Raynaud’s can strike people at any age, but most acquire the condition before the age of 30, and most of the victims are women. Those who live in colder climates are more susceptible.

It’s easy to ignore or dismiss Raynaud’s phenomenon, which is why it doesn’t get a lot of recognition. Pople are not likely to rush to the doctor with the condition, particularly if it goes away quickly. It’s only noticed when treatment for underlying diseases occurs.

Why Women?

Because women have more estrogen in their bodies, it’s believed to be an underlying trigger for Raynaud’s. A Boston research paper revealed that women who had undergone estrogen treatments reported more incidents resembling Raynaud’s phenomenon. There are likely genetic reasons for the disease’s appearance as well because it tends to run in families.

As far back as 1930, women were believed to suffer more from Raynaud’s phenomenon because they were believed to be more stressed and anxious than their male counterparts. Thus, they were more likely to have their hormones give signals to the blood vessels and cause Raynaud’s. That theory has since been disproven.

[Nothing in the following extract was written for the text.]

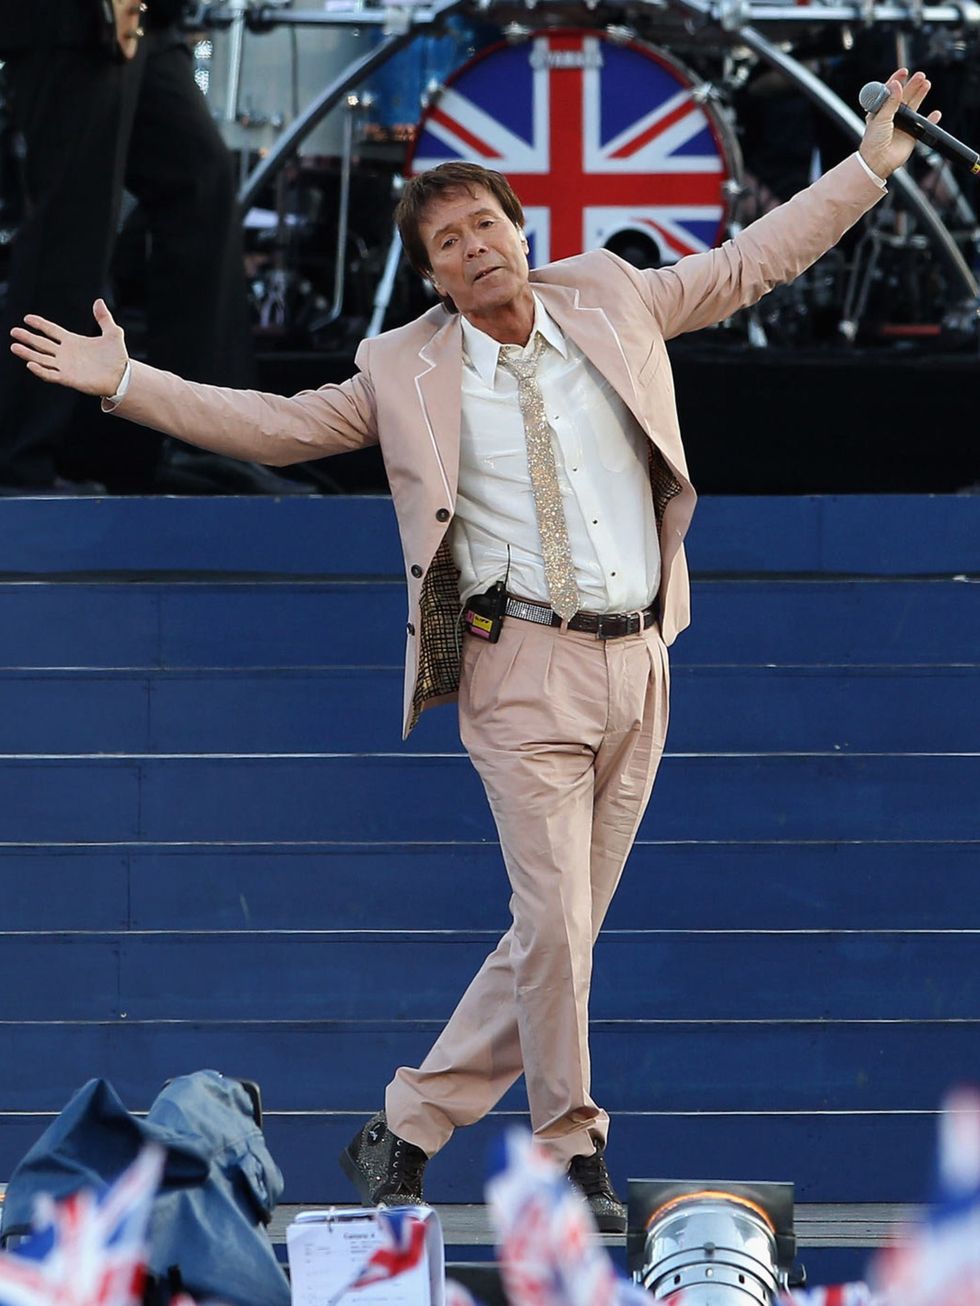 <p>Sir Cliff Richard wore a sparkling tie for his performance, singing 'Congratulations' at the Jubilee Concert in London.</p>

What is likely the cause is that skin has nerve fibers that sense temperature, and the fibers differ among various people. The thermoregulatory vessels may be damaged in some people, thus causing the Raynaud’s syndrome.

If You Have Raynaud's

Those who are bothered by the symptoms of Raynaud’s phenomenon will have to undergo tests that will determine whether they have the primary or secondary form of the disease. The tests used to take observations of several years, but now nail fold capillary tests and blood tests, coupled with the patient's age, can predictably determine Raynaud’s phenomenon.

In one prominent Canadian study that was later published in the medical journal Arthritis & Rheumatism, 600 people believed to have a connective tissue disease or scleroderma were followed for 15 years. That research was the basis for the nail folds discovery. Those who have nail fold abnormalities went on to develop a disease like lupus or scleroderma. Those who had normal nail folds but still had Raynaud’s phenomenon were primary patients and did not develop the secondary diseases.

Most people who have primary Raynaud’s phenomenon and no secondary diseases will just live with the condition. Some may treat the disorder with drugs, most of them with off-label uses of other drugs like nifedipine (Procardia), which is used for blood pressure control. These medications can help reduce the number and severity of Raynaud’s phenomenon attacks, and thus are used sometimes in patients who are bothered by a severe form.

In an interesting recent development, drugs like Viagra and Cialis, which are used for erectile dysfunction, have been found to have uses for patients with secondary Raynaud’s phenomenon experiences. And some have even found benefit from Botox injections.


Some people opt for surgery when suffering fromm severe Raynaud’s phenomenon that does not respond to medication. This procedure cuts the sympathetic nerves that travel to the blood vessel in the digits involved, thus severing the brain’s message to the muscle cell and digital blood vessel receptor. Because there are some nerves left, there may still be minor effects, but the cold no longer will trigger major disruptions.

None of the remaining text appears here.